Whale shark tours have become a huge business in Isla Mujeres in the last five or so years. It used to be that tourists cleared out in May when the rainy season started, but then someone noticed that whale sharks were migrating north through the Yucatan Channel during the summer months. Now there is no noticeable decline in tourism until the whale sharks move on near the end of August, before what the local people call “septihambre” (hungry September).
Longtime friends of ours on the island have taken advantage of this new opportunity. Ariel, who has been conducting snorkeling and fishing trips for many years, now does mostly whale shark tours from June through August. Wbeymar (pronounced “Way-mer”), who owns Brisas Grill, where our good friend Juan Gomez works, now has a fleet of two whale shark tour boats, with plans to add another one next season. Both have been asking us during summer visits to go on their tours with them, but we never have, up until last week Wednesday, that is.
We were hearing reports from guests at El Milagro Marina that the number of whale sharks out in the viewing area, which is treated as a national park by Mexico, was diminishing, so we decided we had better go before it was too late. Wbeymar had told us he would give us a no-commission deal of 850 pesos ($70) each, which was better than Ariel’s offer, even with his promise to limit the number of people to just four in order to increase in-water time, so we went with Wbeymar.
Nan and I showed up at Brisas Grill at 7:30 that morning, thinking the tour would be leaving at 8:00 and that we would have time to get some coffee and breakfast. Juan and his co-worker Victor were just setting up tables and chairs. After a half-hour, Nan gave up waiting for coffee and went to the Oxxo (Mexico’s version of 7-Eleven) across the street for a cup. I toyed with the underwater camera our friend Scott from El Milagro Marina had lent me. Soon, Wbeymar’s first tour boat, Lizardo, arrived at the pier behind the restaurant. Wbeymar himself showed up a little while later and told us the tours leave at 8:30, not 8:00. Juan served us coffee, orange juice and slices of a breakfast cake. Other groups started to filter in. We counted about twenty by 8:30. We hoped we wouldn’t all be packed into a single boat, but then Ana Carina, Wbeymar’s second tour boat, arrived at the pier. Moses, the tour leader, broke us up into two groups of ten each and led us to the boats. I urged Nan to take a seat near the bow of our designated boat, Lizardo, to minimize the spray that would result from blasting through the waves at high speed.

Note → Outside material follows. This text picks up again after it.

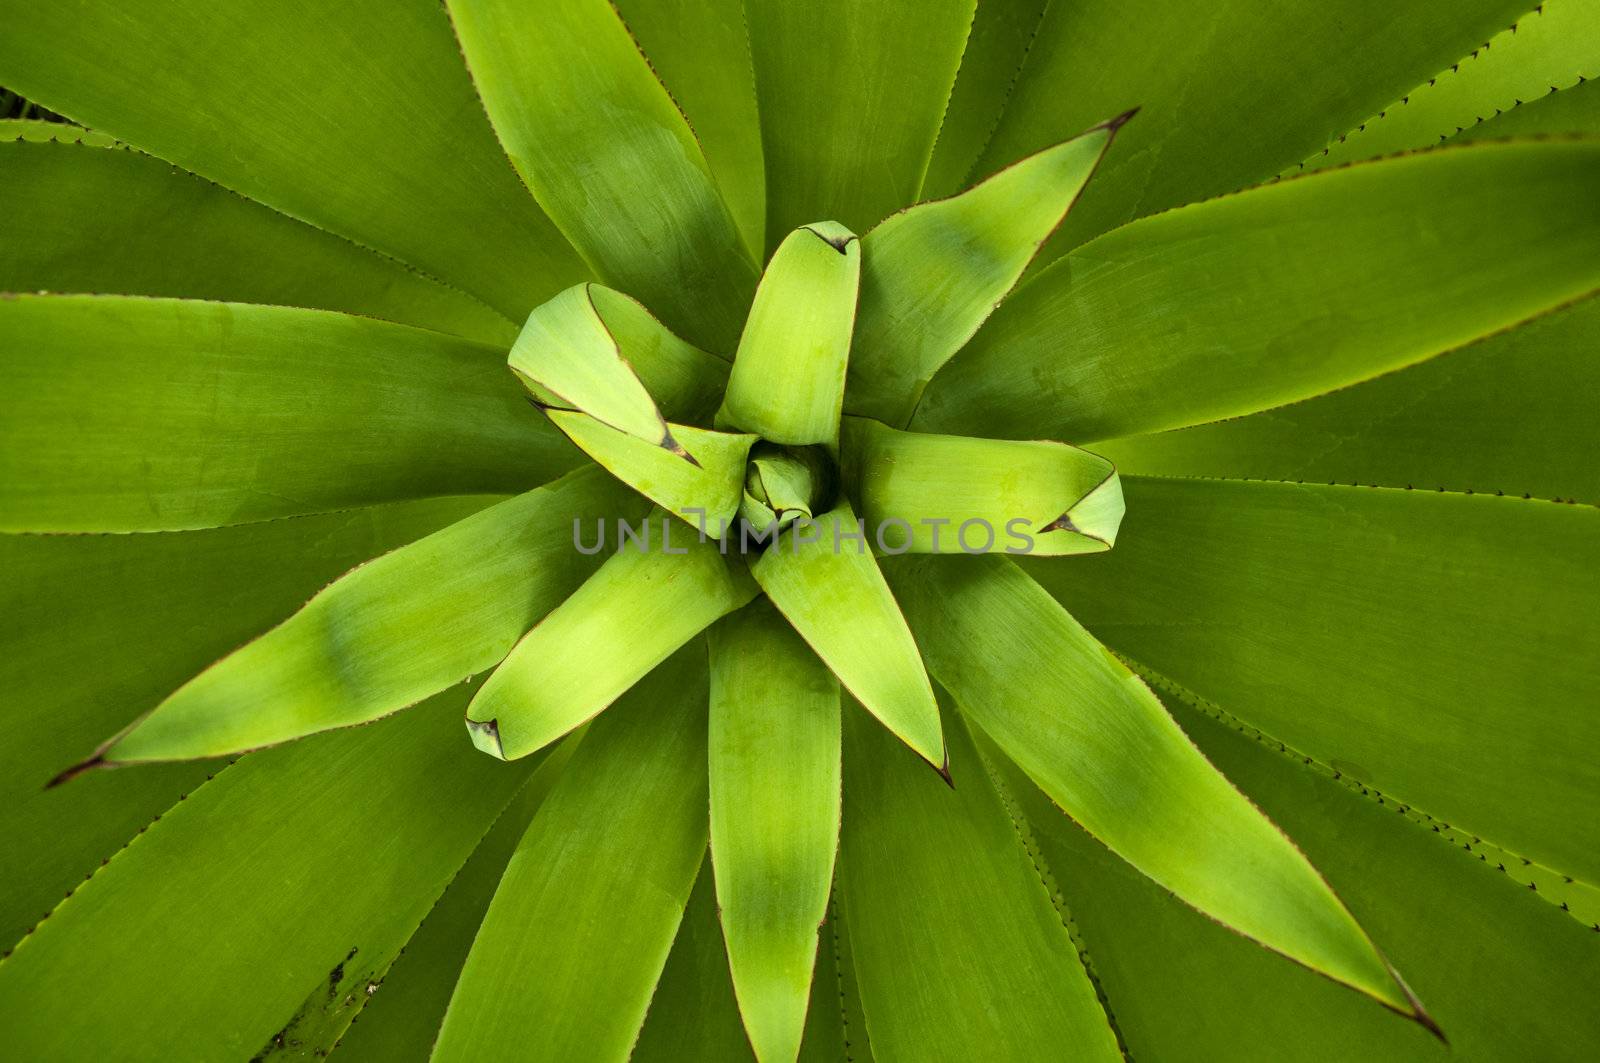 Close up picture of an Agave plant, overhead view
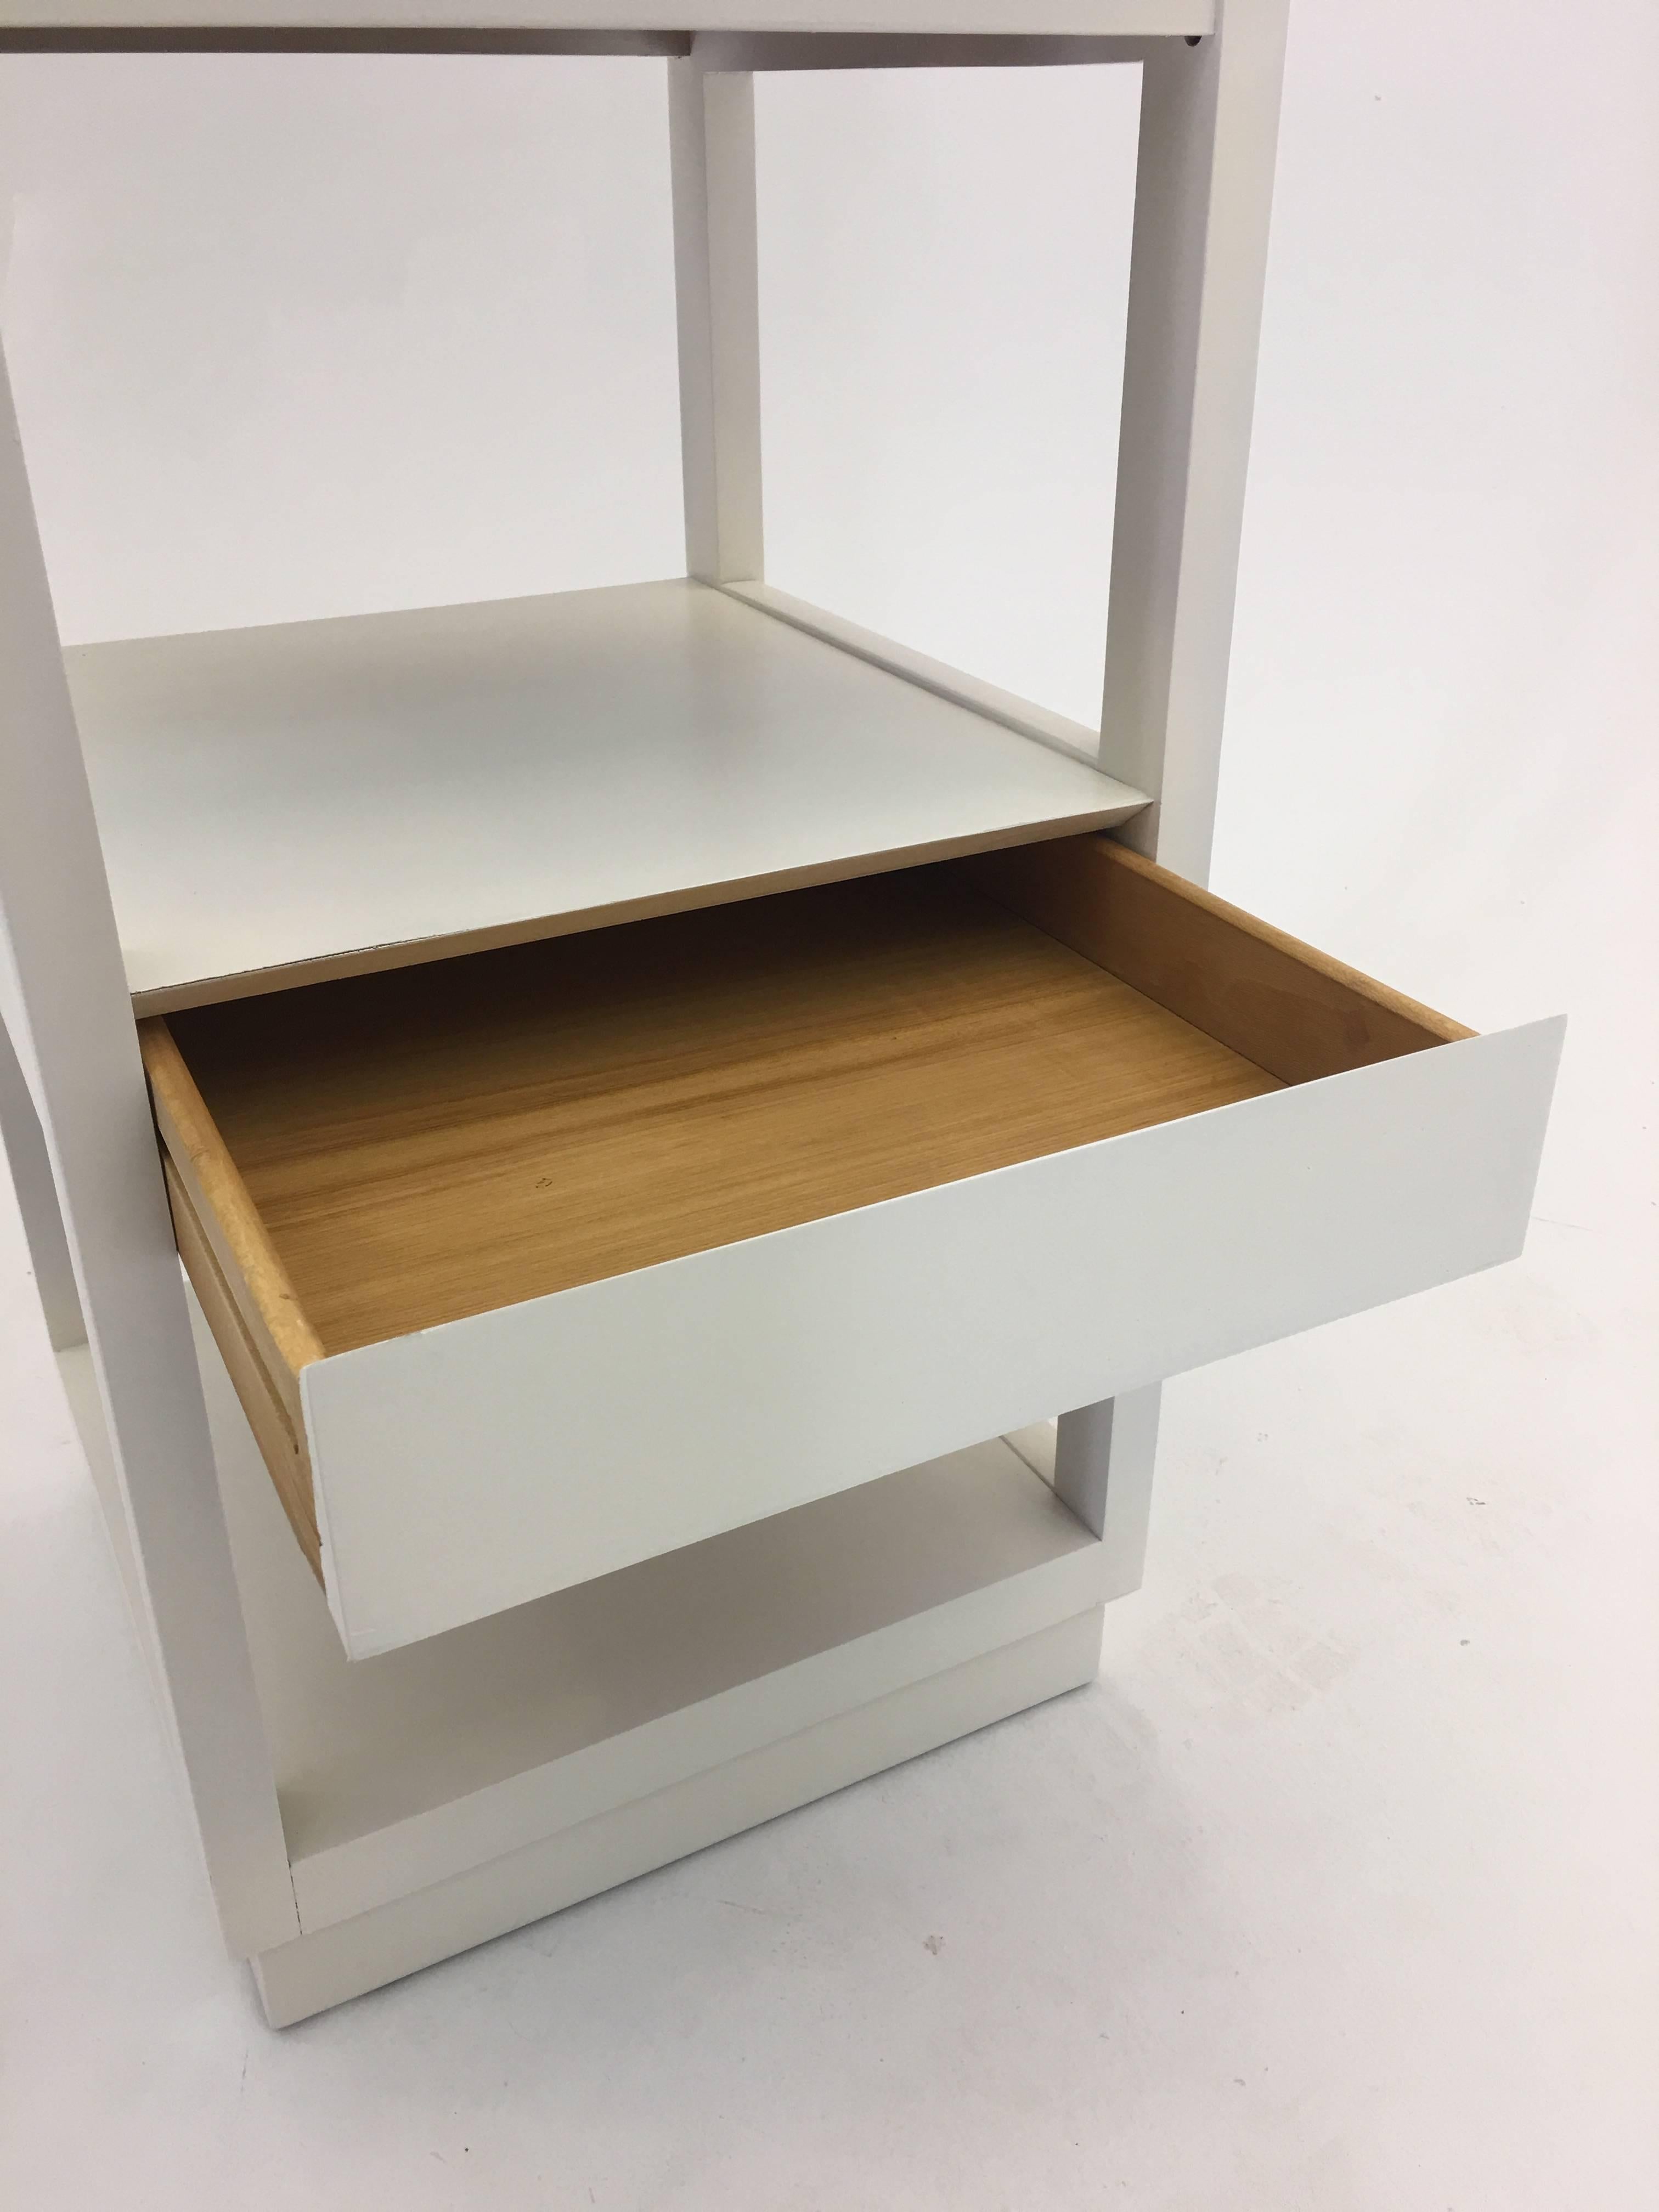 Multipurpose Stand by Edward Wormley with Concealed Drawer (amerikanisch)

The combination of the north-flowing current and the easterly winds made for a very rough one-hour ride out to where the whale sharks were feeding, about twenty miles northeast of Isla Mujeres. People near the back of the boat were drenched by the time we spotted the cluster of at least fifty other boats bobbing around a large school of whale sharks and slowed to join them. In between the boats were groups of snorkelers and some really large dorsal and tail fins. A whale shark coasted under the bow of our boat, just below the surface, its head at least three feet across. Nan and I looked at each other and mouthed, “Wow!” I couldn’t wait to jump in and see one up close. Nan was not so sure.
Moses explained that park rules required us to wear standard orange life preservers and to let only two people into the water at a time, plus a guide. He went over the side in his mask, snorkel, and fins, and beckoned the first two people, a couple, to join him. The boyfriend went in first and then the girlfriend jumped in practically on top of a passing whale shark. Those of us watching from the boat were alarmed for her safety, but we could hear her laughing through her snorkel. Brave girl!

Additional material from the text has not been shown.